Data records
= = = = =

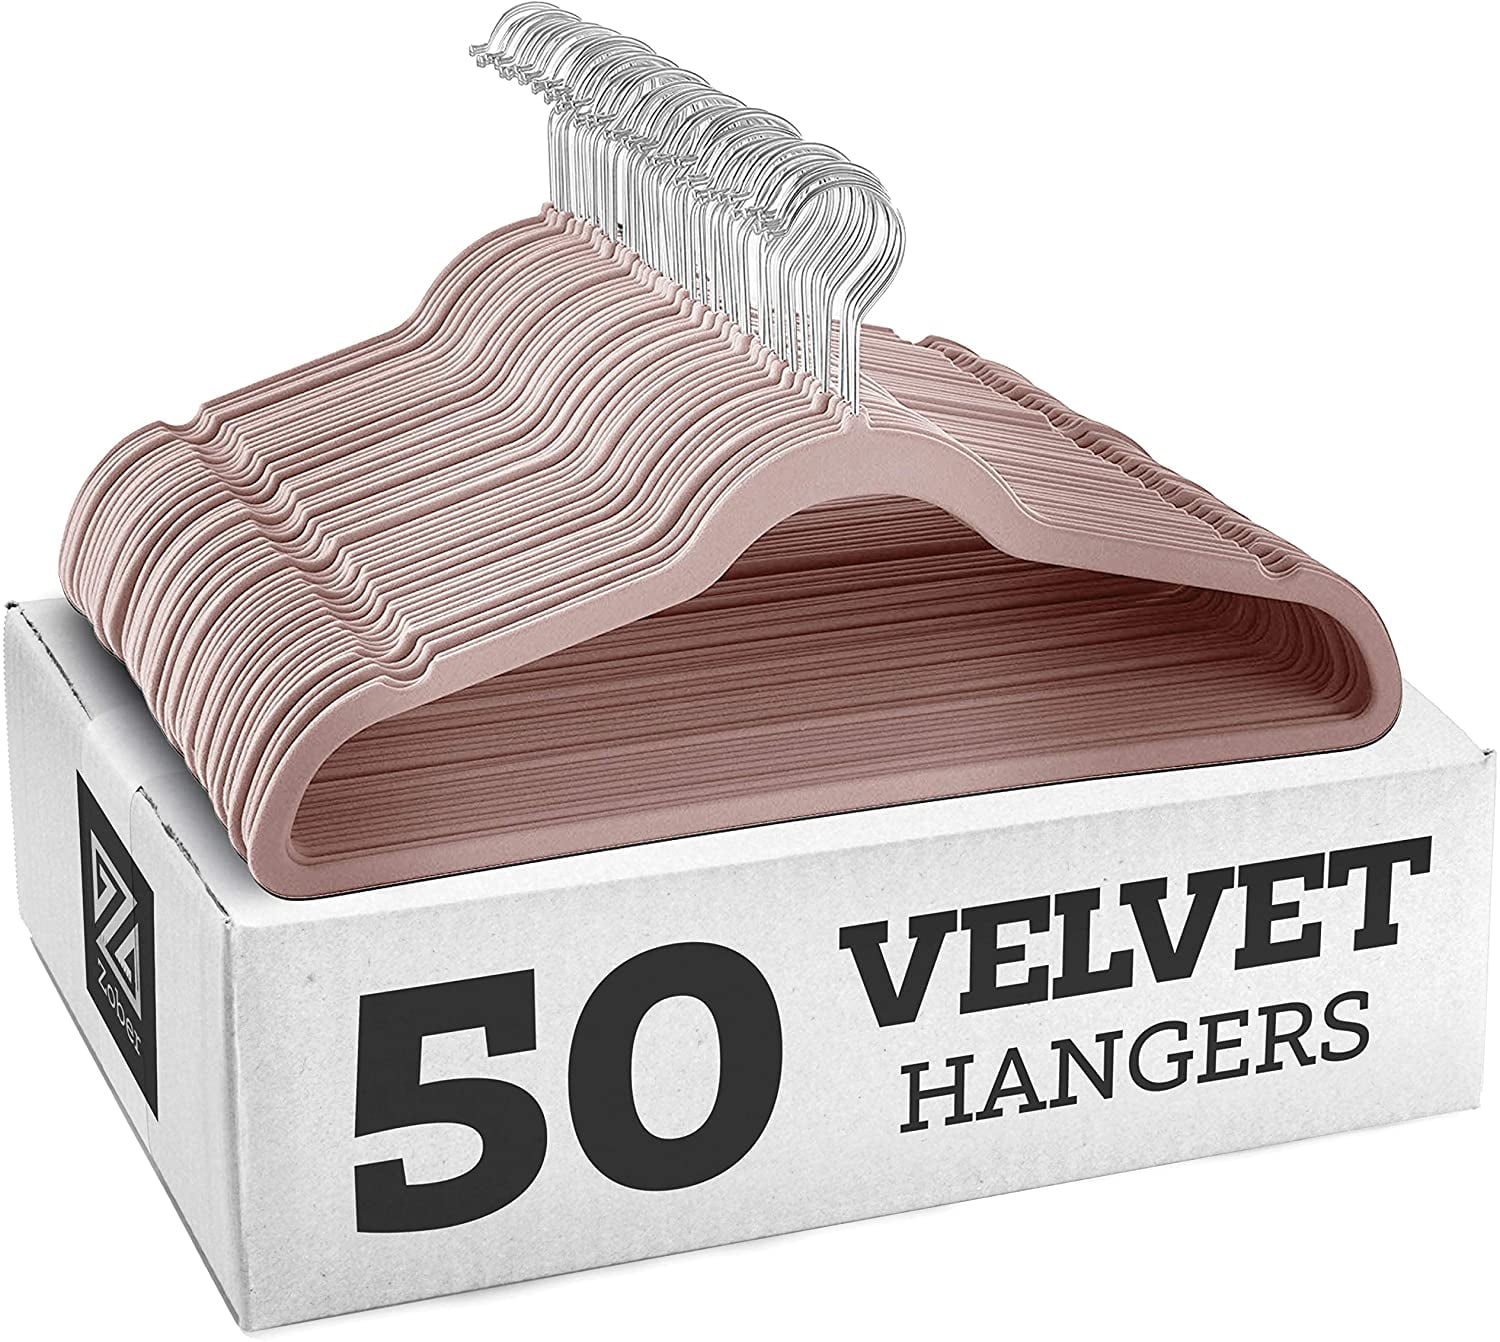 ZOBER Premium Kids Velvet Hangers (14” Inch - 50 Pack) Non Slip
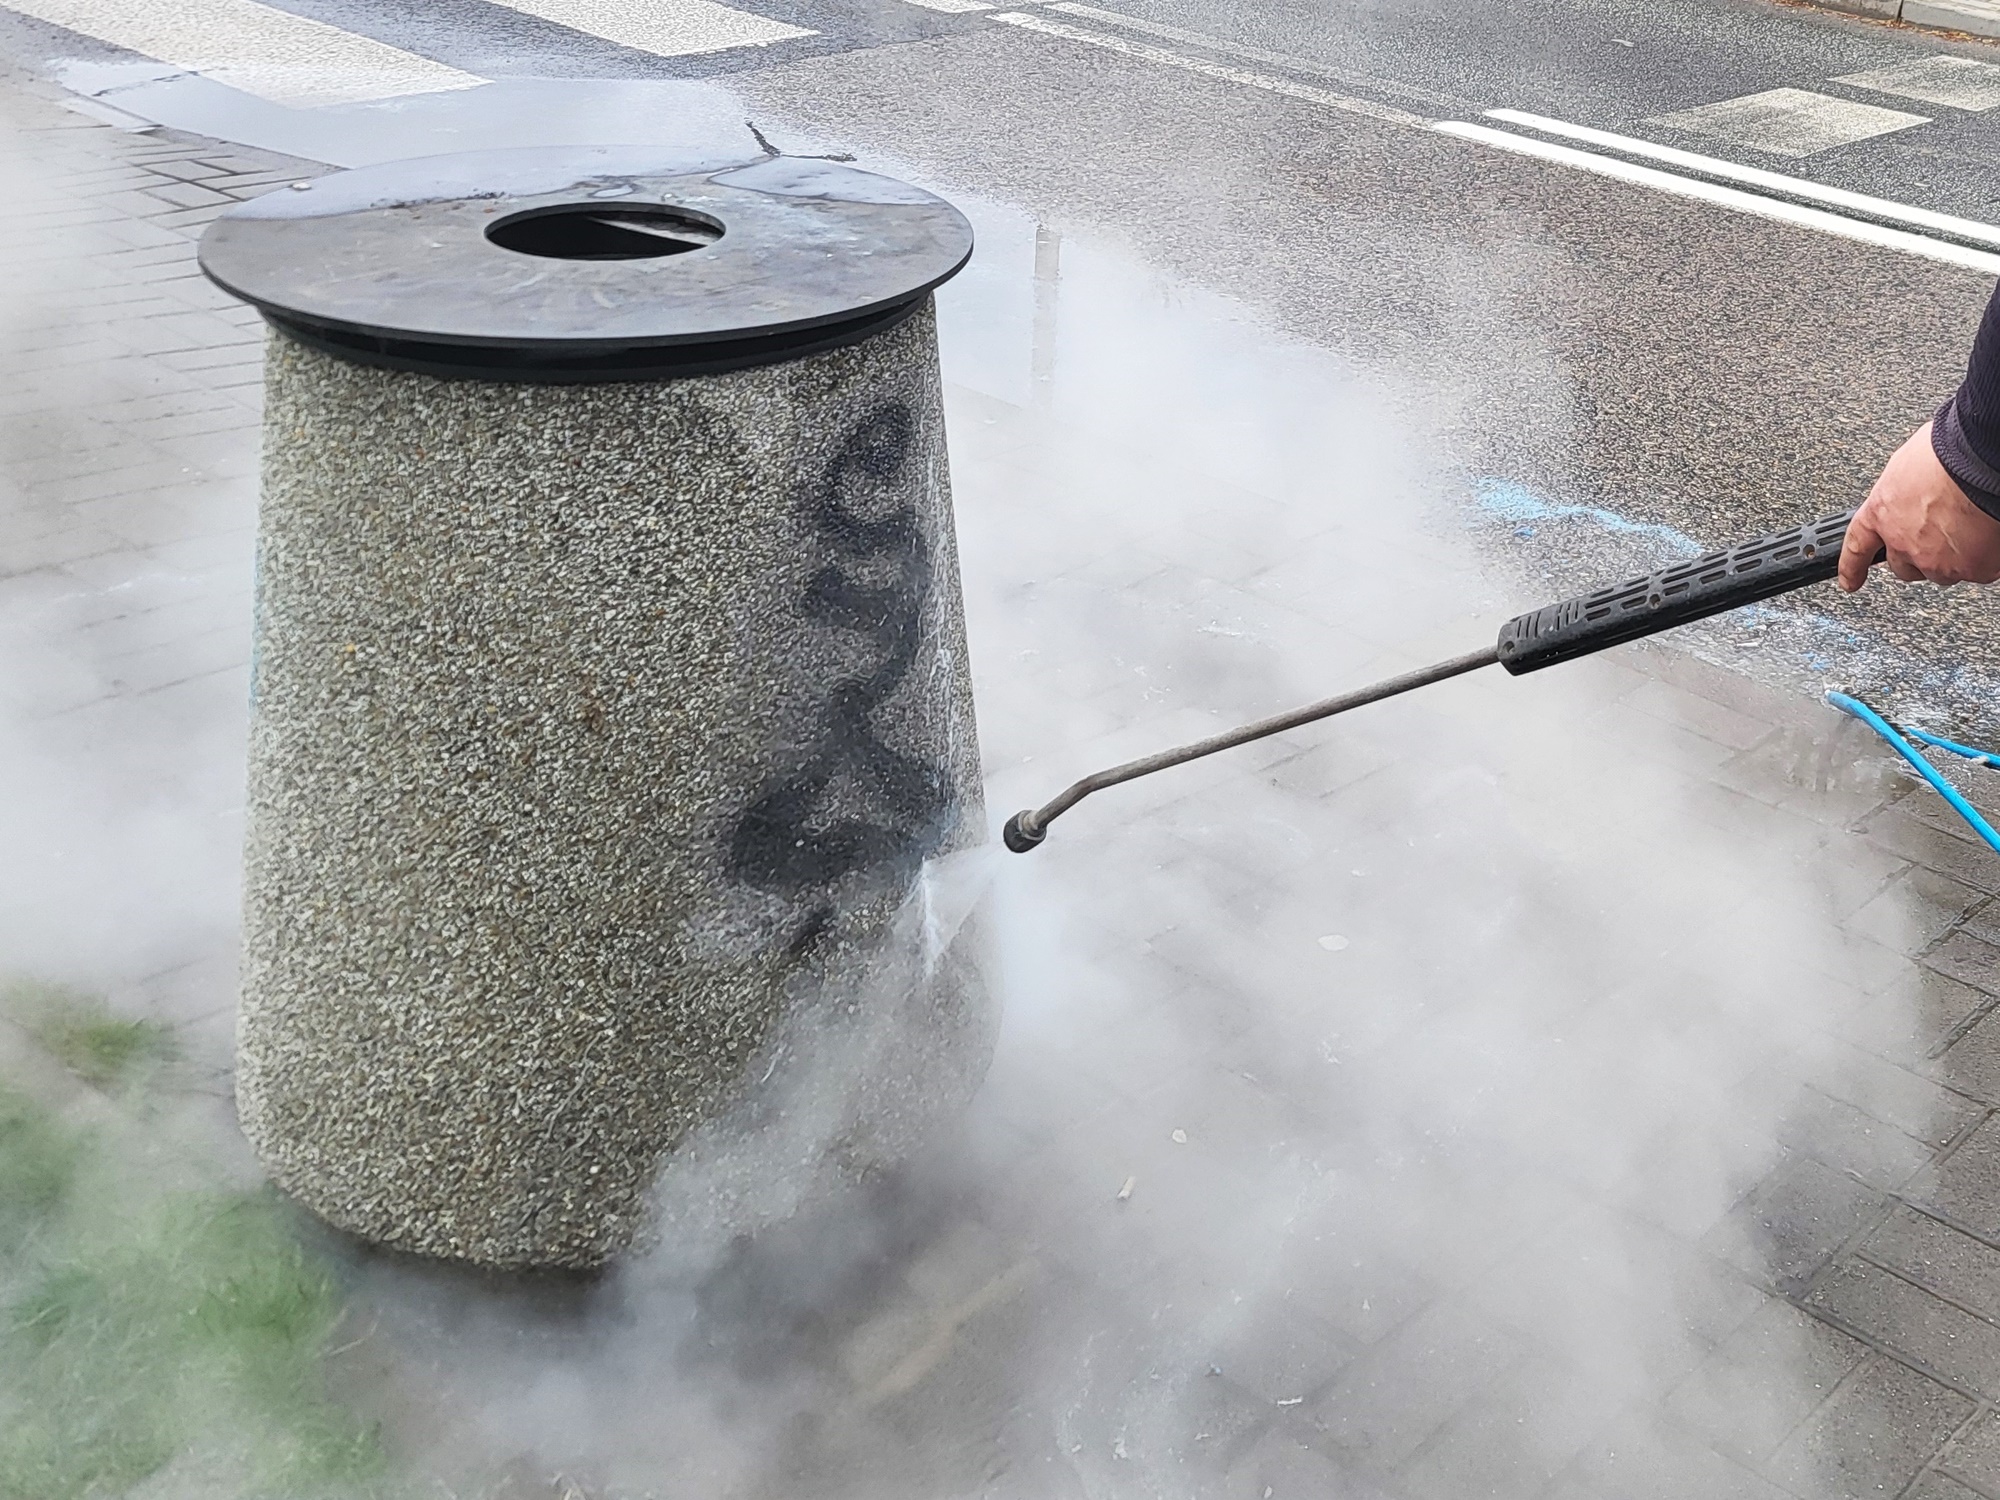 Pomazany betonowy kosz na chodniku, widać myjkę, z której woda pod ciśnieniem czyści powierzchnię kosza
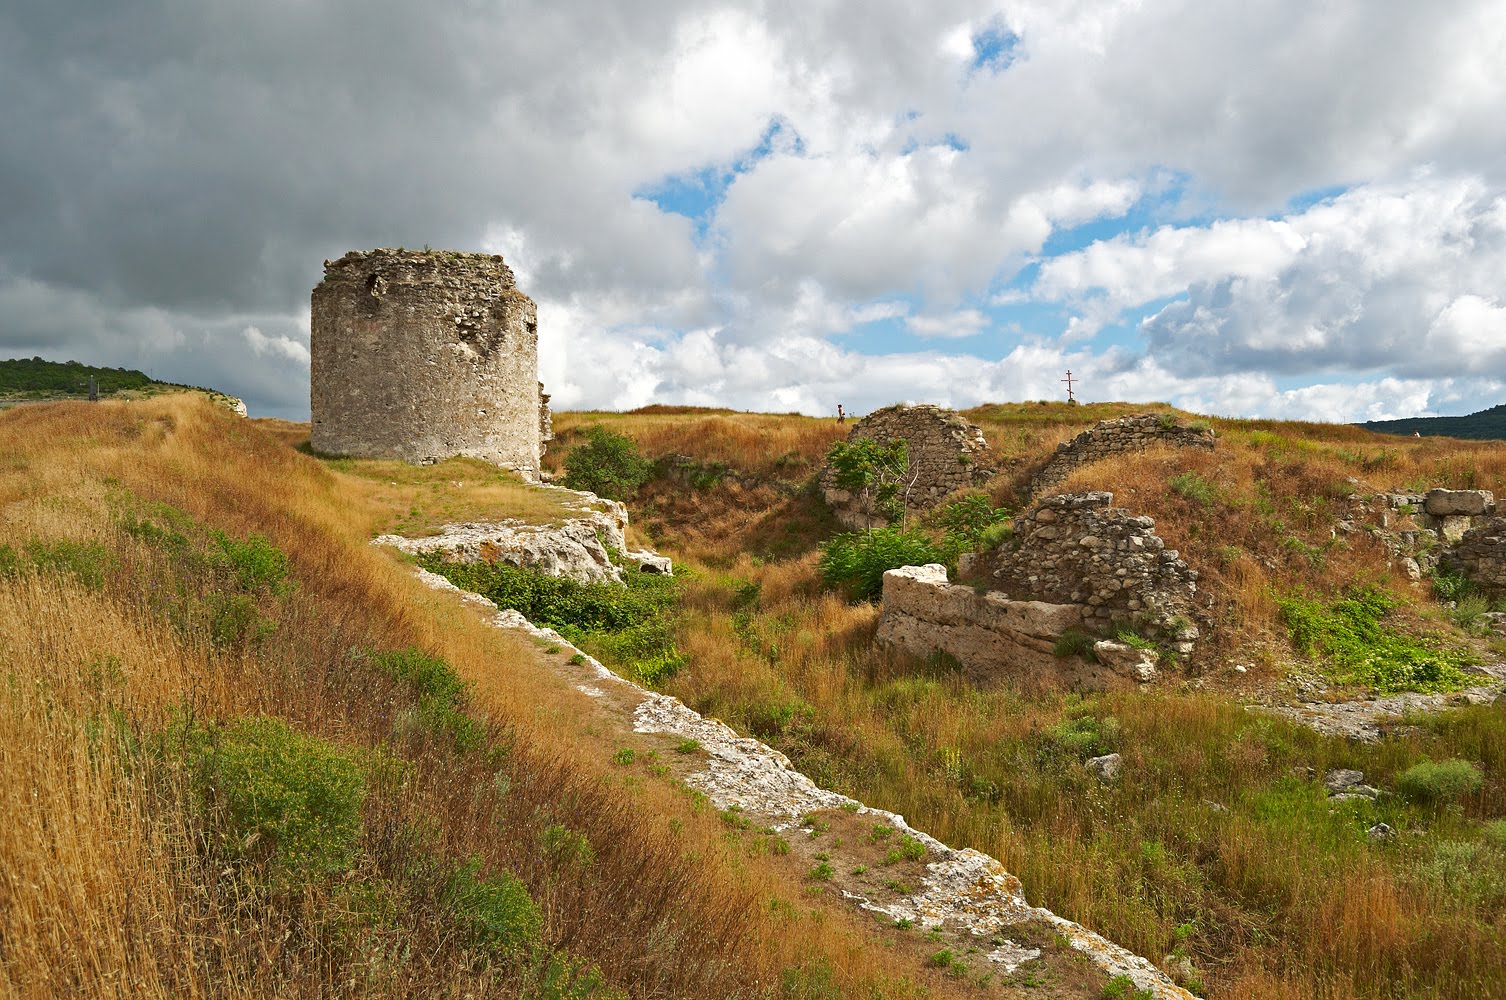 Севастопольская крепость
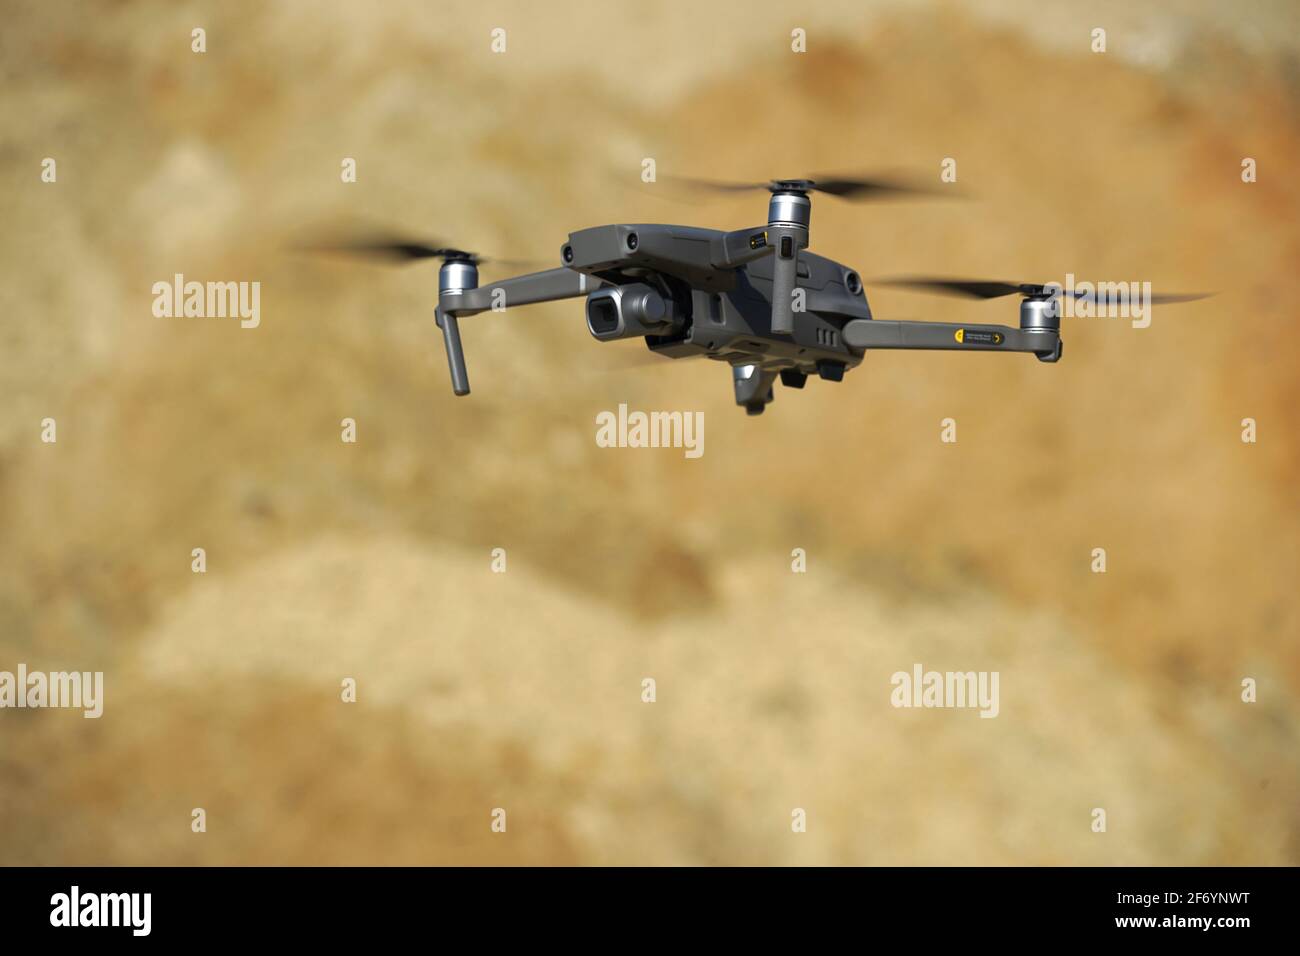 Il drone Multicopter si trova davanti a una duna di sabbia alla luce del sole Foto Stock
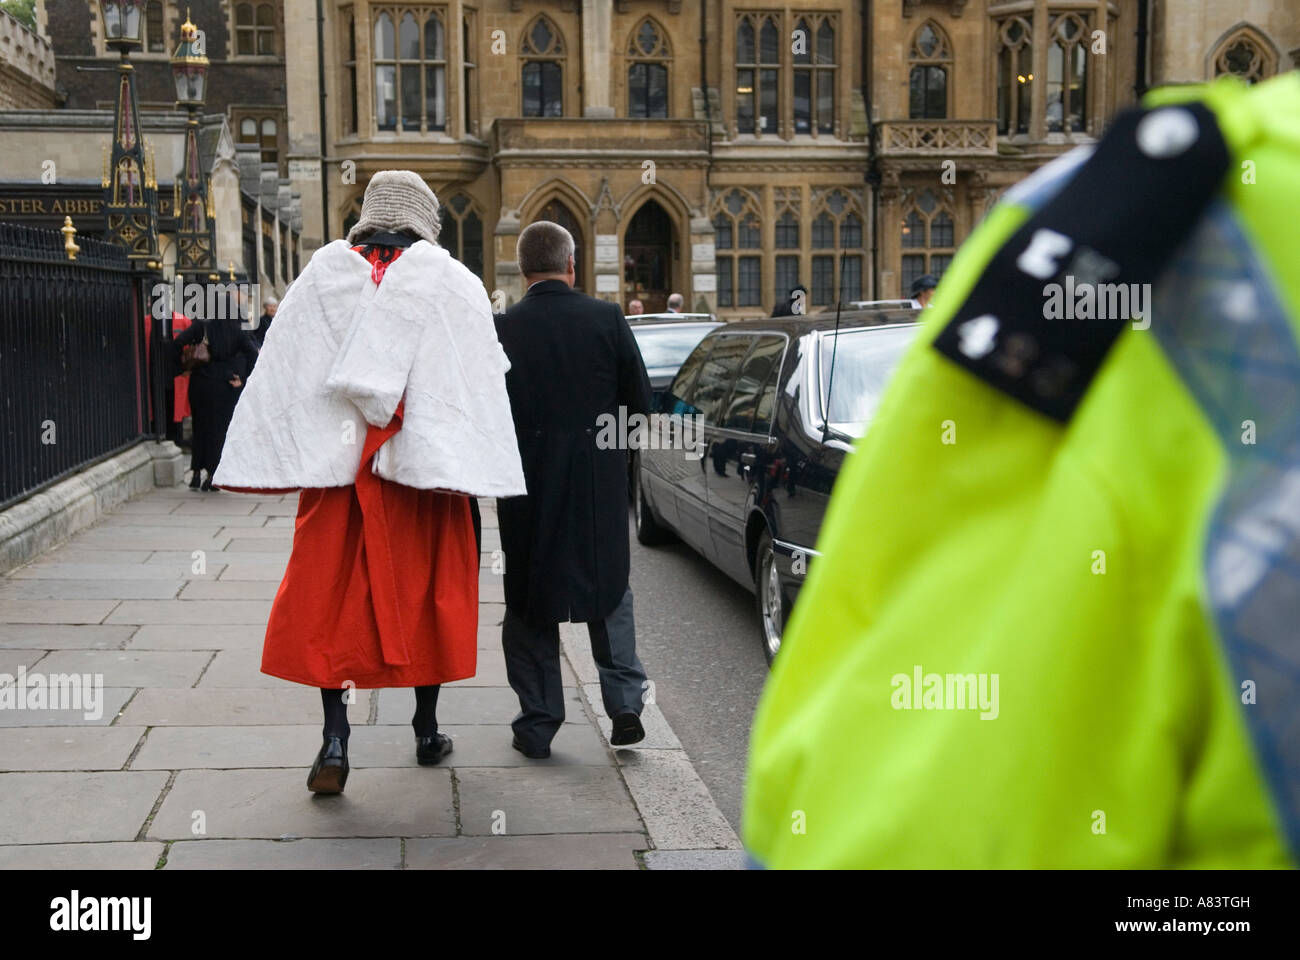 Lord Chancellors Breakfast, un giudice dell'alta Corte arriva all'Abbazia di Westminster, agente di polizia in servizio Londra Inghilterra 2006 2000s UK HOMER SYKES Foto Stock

= = = = =

■ WHAT THIS TASK INVOLVES
Every entry above should come back exactly as written, except for its pictures.

■ PROBLEM SOLUTION
 ZOBER Premium Kids Velvet Hangers (14” Inch - 50 Pack) Non Slip
 Pomazany betonowy kosz na chodniku, widać myjkę, z której woda pod ciśnieniem czyści powierzchnię kosza
 Севастопольская крепость
 Il drone Multicopter si trova davanti a una duna di sabbia alla luce del sole Foto Stock
 Lord Chancellors Breakfast, un giudice dell'alta Corte arriva all'Abbazia di Westminster, agente di polizia in servizio Londra Inghilterra 2006 2000s UK HOMER SYKES Foto Stock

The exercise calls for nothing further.